Risk: There can be no guarantee that the investment strategy can be successful and the value of investments may go down as well as up.

Meeting your ESG obligations

Trustees must be mindful of their obligations on sustainability. Since October 2019, they’ve had to include ESG issues in the list of financially material considerations in their statement of investment principles.

From October 2020, they must do more. Schemes will be asked to include information on how asset managers’ performance and remuneration align with trustees’ ESG policies.

The good news is there are many more options for trustees wanting a sustainable portfolio, with more ESG-focused funds and ETFs than ever in the market.

The bad news? This means more choices to make, more metrics to understand and yet another responsibility for hard-pressed trustees.

It’s one reason why many people delegate this responsibility to a fiduciary manager.

At BlackRock, we’ve been building tools to help us measure sustainability, including a Carbon Beta Tool to stress-test portfolios for carbon-pricing scenarios. We’re trialling another to analyse sustainability-related company characteristics and one to analyse physical climate risks.

Deploying these tools, a team of global experts and our knowledge of ESG, we aim to align our decisions with clients’ investment objectives without losing sight of the importance of sustainability.

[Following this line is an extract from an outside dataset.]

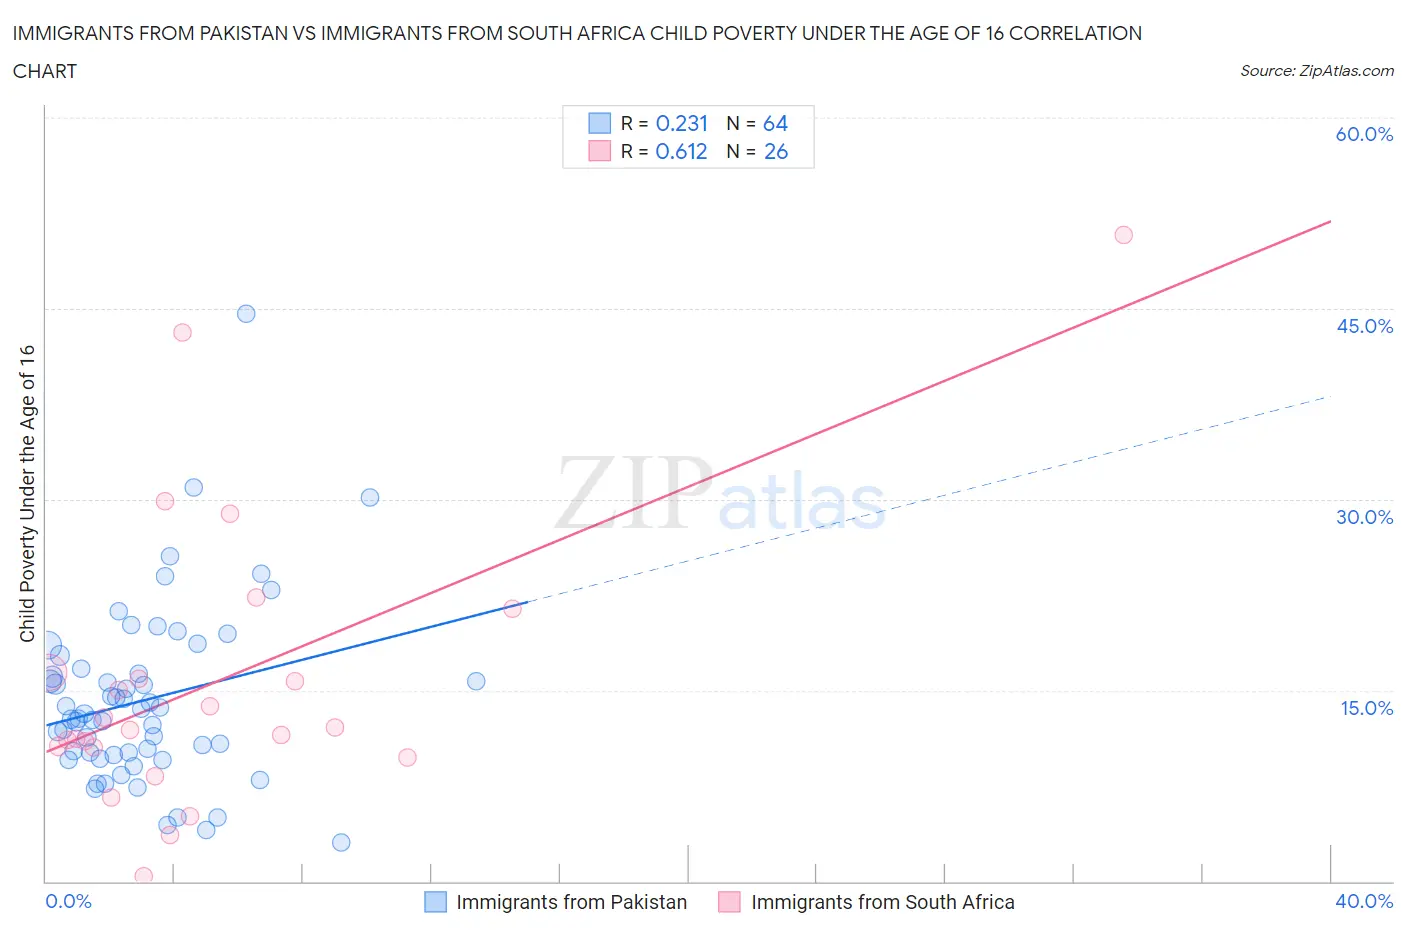 Immigrants from Pakistan vs Immigrants from South Africa Child Poverty Under the Age of 16

From ‘nice to have’ to ‘new normal’

Along with many others, we’re mulling over what might constitute the ‘new normal’. Sustainability must and will play a bigger part in what investment solutions look like in the future.

Pension funds need to decide how they do that.

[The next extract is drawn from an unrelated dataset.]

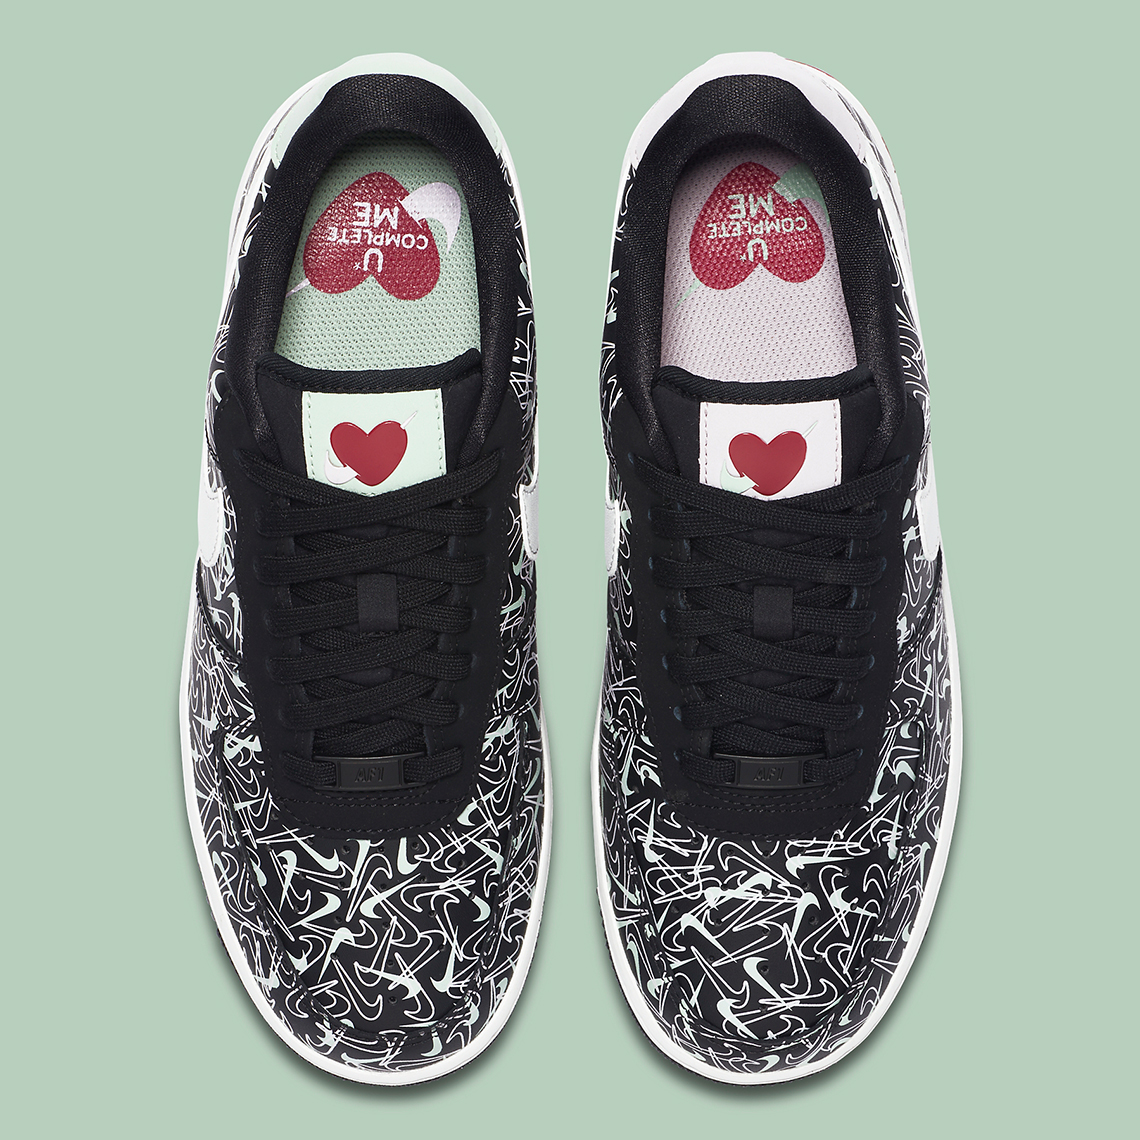 Nike Air Force 1 Low "Valentine's Day" Coming Soon Official Photos

We might ditch the sandals. We might bin the sourdough. We might even manage a day without a video call.

The importance of ESG factors, however, is a lockdown lesson we all need to learn.

This material is not intended to be relied upon as a forecast, research or investment advice, and is not a recommendation, offer or solicitation to buy or sell any securities or financial product or to adopt any investment strategy.

1 Older ESG Funds Outperform Their Newer Rivals in Market Tumult, Bloomberg, March 2020.
2Sustainable investing: Resilience amid uncertainty, BlackRock, June 2020.
3Do Sustainable Funds Beat their Rivals, Morningstar, June 2020.